By Christoph Steitz and Jan Schwartz
HAMBURG (Reuters) -Volkswagen is considering a supervisory board change that could lead to the departure of Bernd Osterloh, who heads its powerful works council and clashed with CEO Herbert Diess last year, sources familiar with the matter said on Thursday.
If confirmed, Osterloh’s exit could weaken resistance to faster and more drastic restructuring at the German carmaker.
Last year, the 64-year-old opposed an attempt by Diess to extend his contract as the CEO strives to cut costs and free up resources to invest more in electric vehicles.
Osterloh has been a member since 2005 of the supervisory board at Volkswagen, where under Germany’s system of corporate governance labour representatives make up half the board.
He has instead been offered the position of personnel director at Traton, Volkswagen’s truck unit that was spun off and separately listed in 2019, one source said.

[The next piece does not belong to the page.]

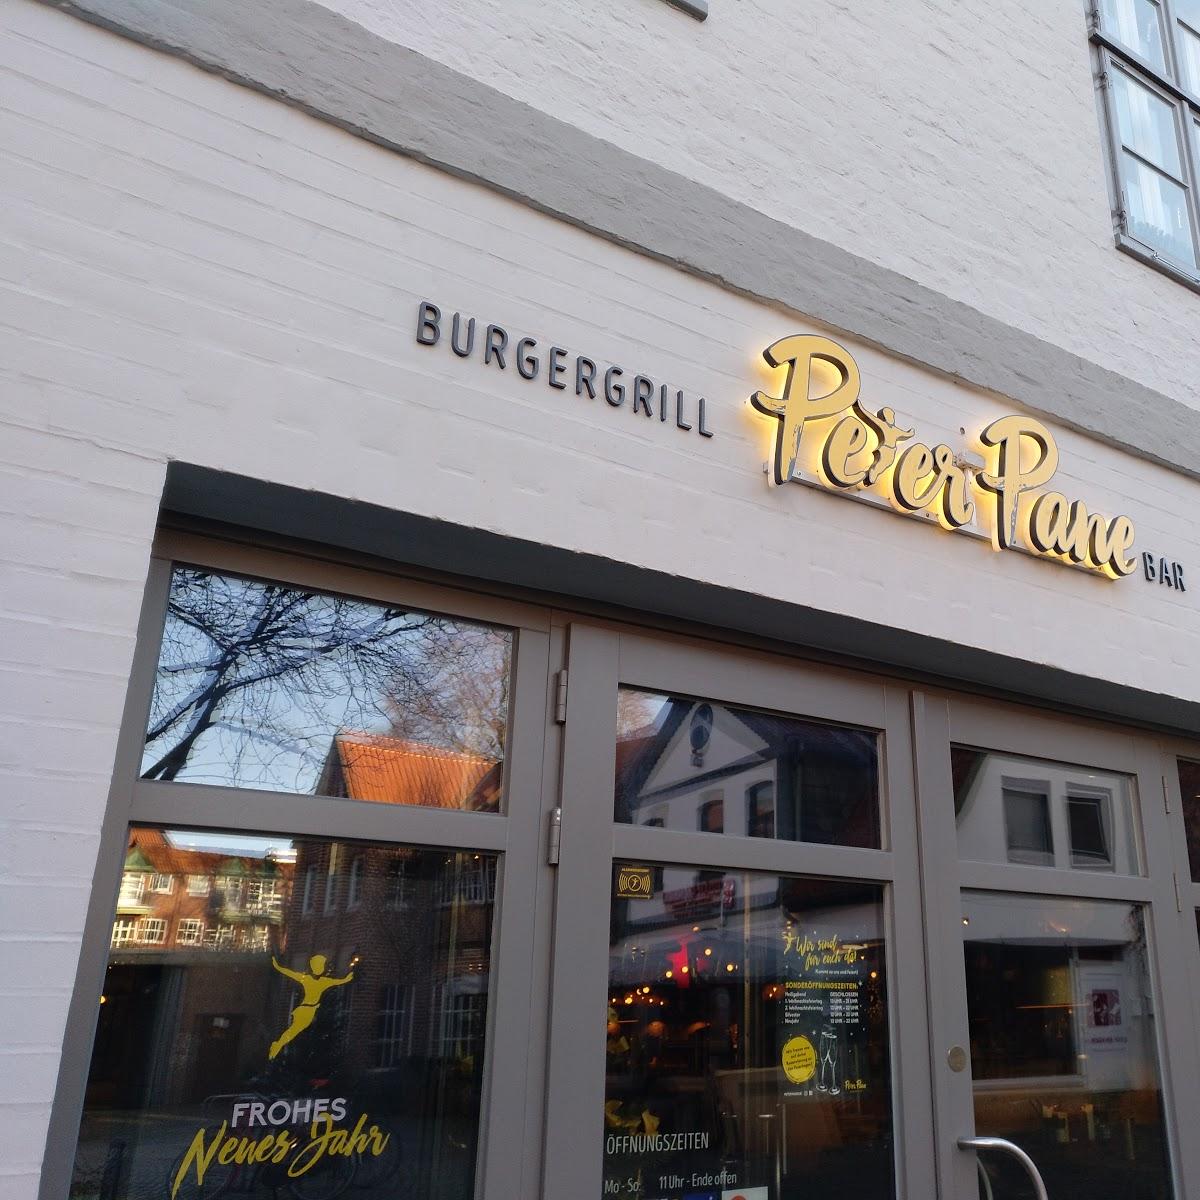 Restaurant "PETER PANE  Burgergrill & Bar" in  Lüneburg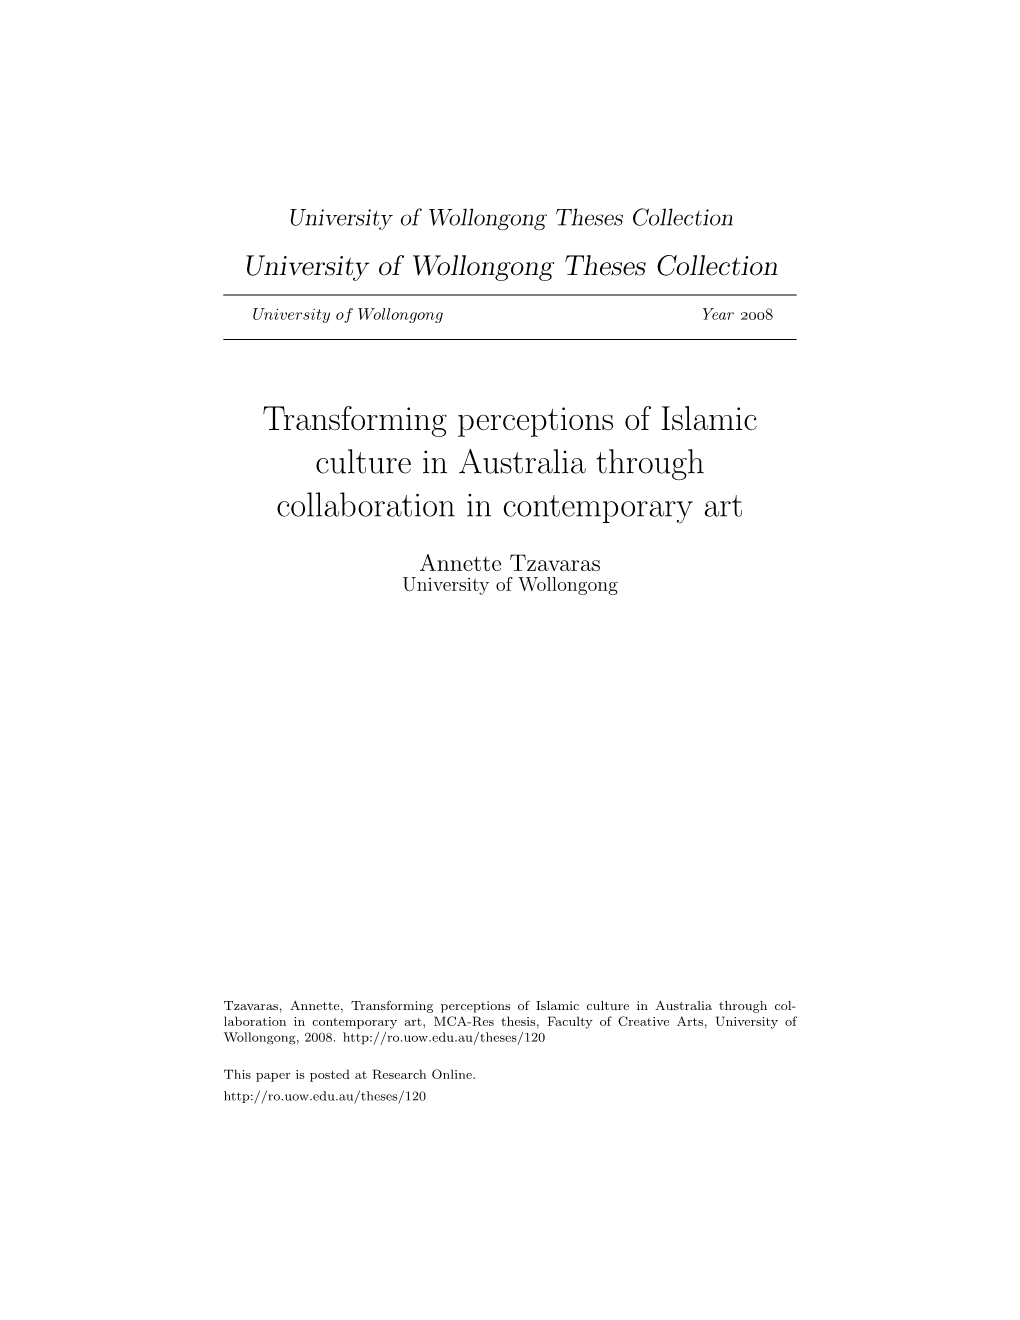 Transforming Perceptions of Islamic Culture in Australia Through Collaboration in Contemporary Art

A second source said the group was considering proposing a new labour representative to its board, but did not give a name.
Volkswagen, its main shareholder Porsche SE and the works council declined to comment.
Five sources told Reuters that Volkswagen would in the near future debate an important change in the composition of its supervisory board, adding no final decisions had been taken.
One said announcements on labour representation at Volkswagen were expected on Friday. Another said Traton’s supervisory board would meet on Friday.
The move would follow a surge in Volkswagen’s shares, as investors warm to its efforts to overtake Tesla and become a world leader in electric cars.
The stock has risen by more than half in value so far this year, giving Volkswagen a market value of 132 billion euros ($159 billion).
Should Osterloh leave the supervisory board, as would be required should he take up an executive role at Traton, the most likely candidate to replace him would be deputy works council head Daniela Cavallo, the sources said.
Any nomination would be subject to a confirmatory vote by shareholders at the annual meeting in July.